ASTR199 — Stellar Parameter Prediction via Deep Learning
Multi-target MLP regression on 1M+ row multi-survey astronomical catalog, with LoRA fine-tuning for M-dwarf sub-populations.
Role: Machine Learning Researcher · Advisor: Prof. Theissen, UC San Diego · Stack: Python, SQL, PyTorch, PEFT/LoRA, Scikit-learn · Year: 2026
Overview
This project develops a deep learning pipeline to predict fundamental stellar parameters — Effective Temperature (Teff), Metallicity ([Fe/H]), and Surface Gravity (log g) — from photometric catalog data. The core challenge is data quality: cross-matching disparate astronomical surveys at scale, then building models that generalize across spectral types without overfitting to the well-represented majority classes.
Data Engineering
- Cross-survey integration: Engineered a large-scale SQL pipeline to extract and cross-match 1M+ rows across disparate astronomical catalogs: Gaia, SDSS, WISE, and additional photometric surveys.
- Applied strict inner joins to ensure only observations with complete, non-conflicting labels across all surveys were retained.
- Implemented Sigma Clipping for statistical outlier filtering to guarantee high signal-to-noise inputs before any modeling began.
- Validated data integrity by plotting color-magnitude diagrams (HR diagrams) and 2D color histograms to confirm expected physical correlations.
Baseline Model
- Developed a Multi-Layer Perceptron (MLP) for simultaneous multi-target regression predicting Teff, [Fe/H], and log g in a single forward pass.
- Applied stratified train-test splits across spectral types (F, G, K stars) to prevent domain overfitting to the most common stellar classes.
- Evaluated on MSE and R² per target parameter.

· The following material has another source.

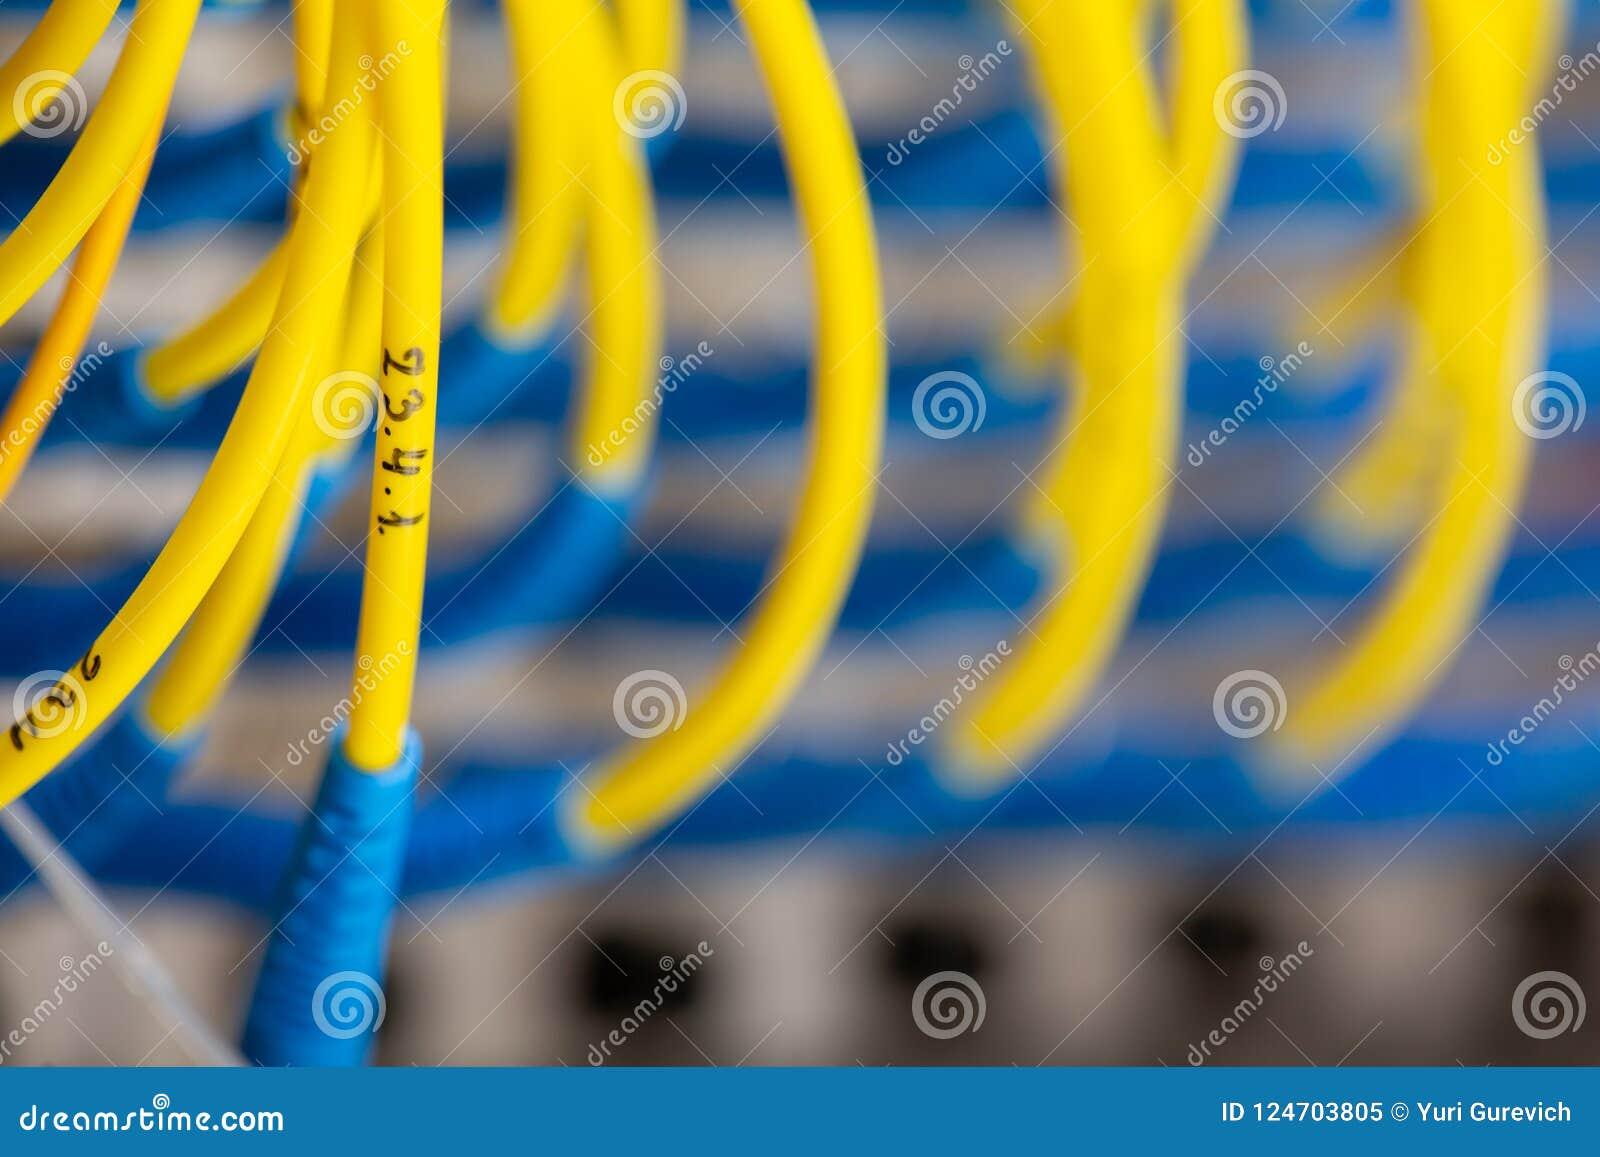 La parte delantera del servidor que mostraba los interruptores coloridos y que ataba con alambre el extracto empañó la imagen par
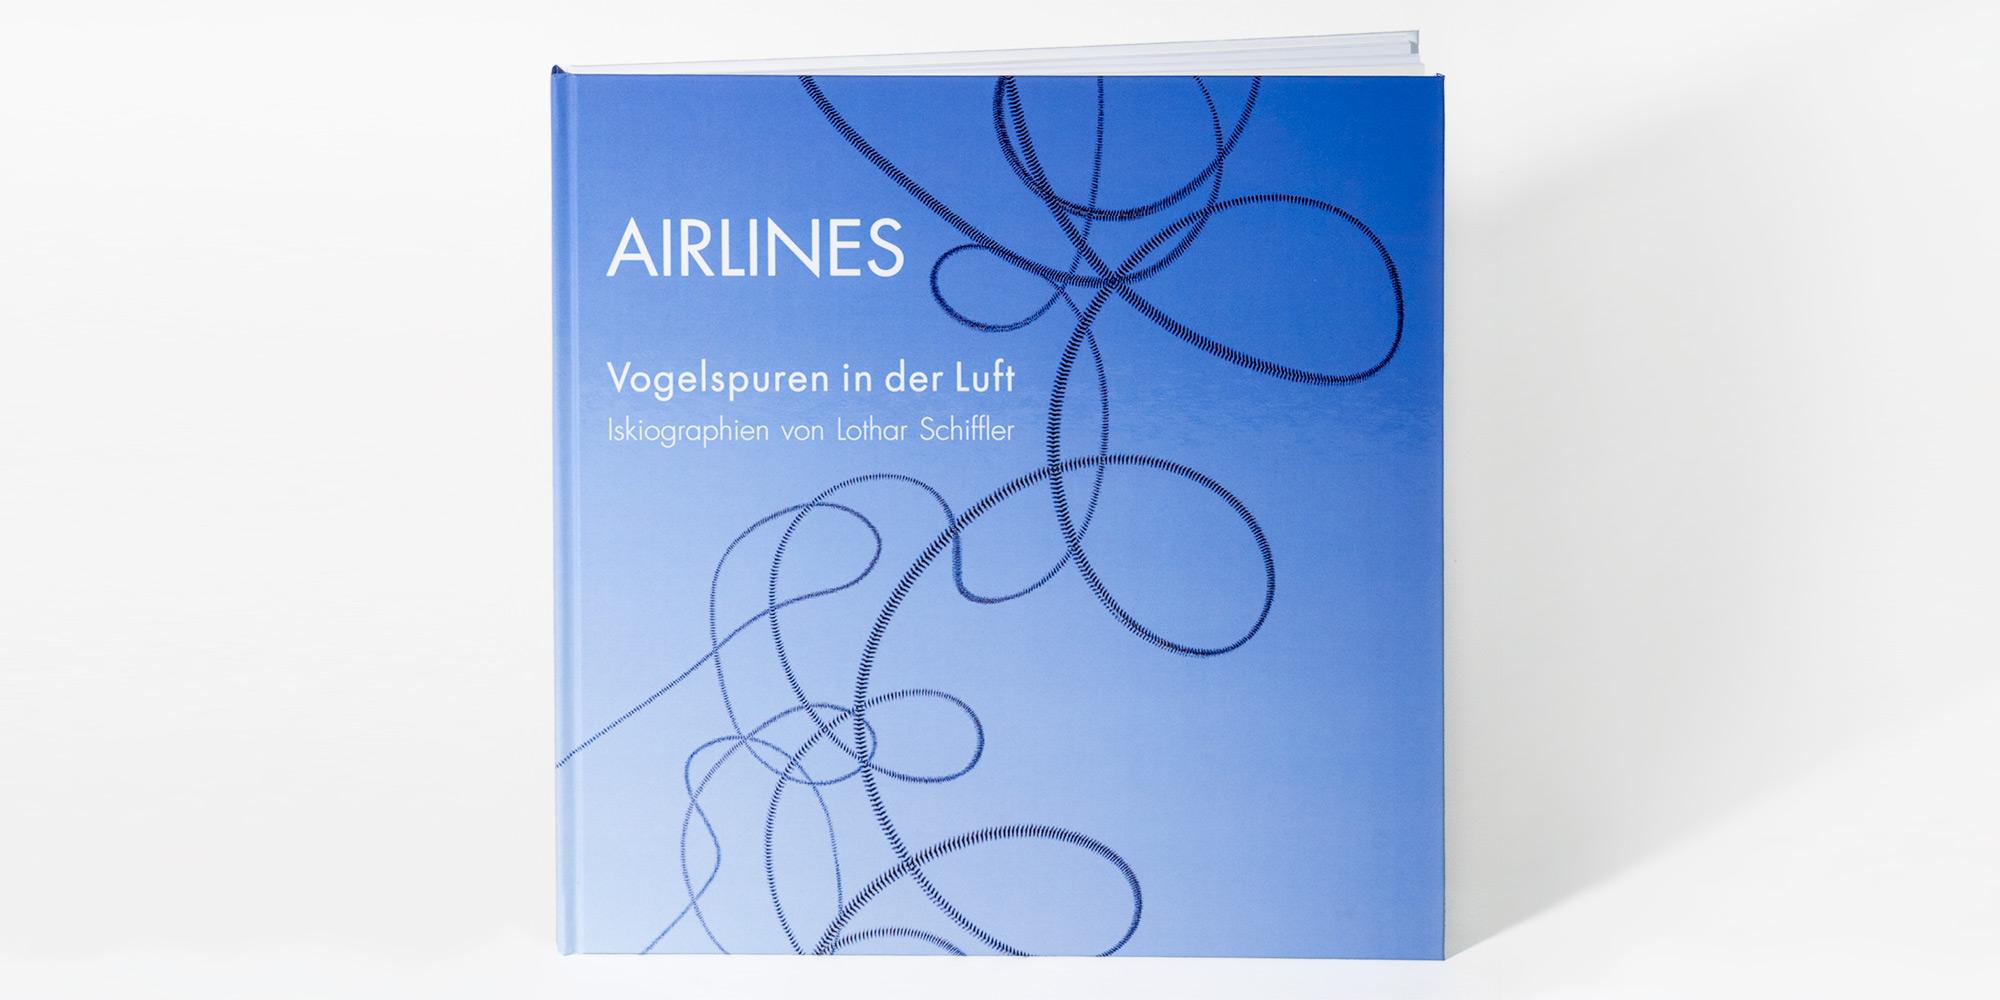 """Katalog """"AIRLINES · Vogelspuren in der Luft"""" · 2., erweiterte Auflage · Titel"""

M-Dwarf Challenge & LoRA Fine-Tuning
M-dwarf stars (spectral type M) present a long-tail distribution problem: they are the most common stars in the galaxy but severely underrepresented in labeled catalogs, and their complex molecular absorption features confuse models trained on hotter F/G/K stars.
- Applied PEFT via LoRA to adapt the base MLP for M-dwarf sub-populations, adding a small number of trainable low-rank adapter parameters without retraining the full model.
- Fine-tuned on a specialized low-resource M-dwarf dataset.
- Result: ~20% reduction in RMSE for Teff predictions on the M-dwarf test set, demonstrating LoRA’s effectiveness as a targeted adaptation strategy for long-tail regression problems.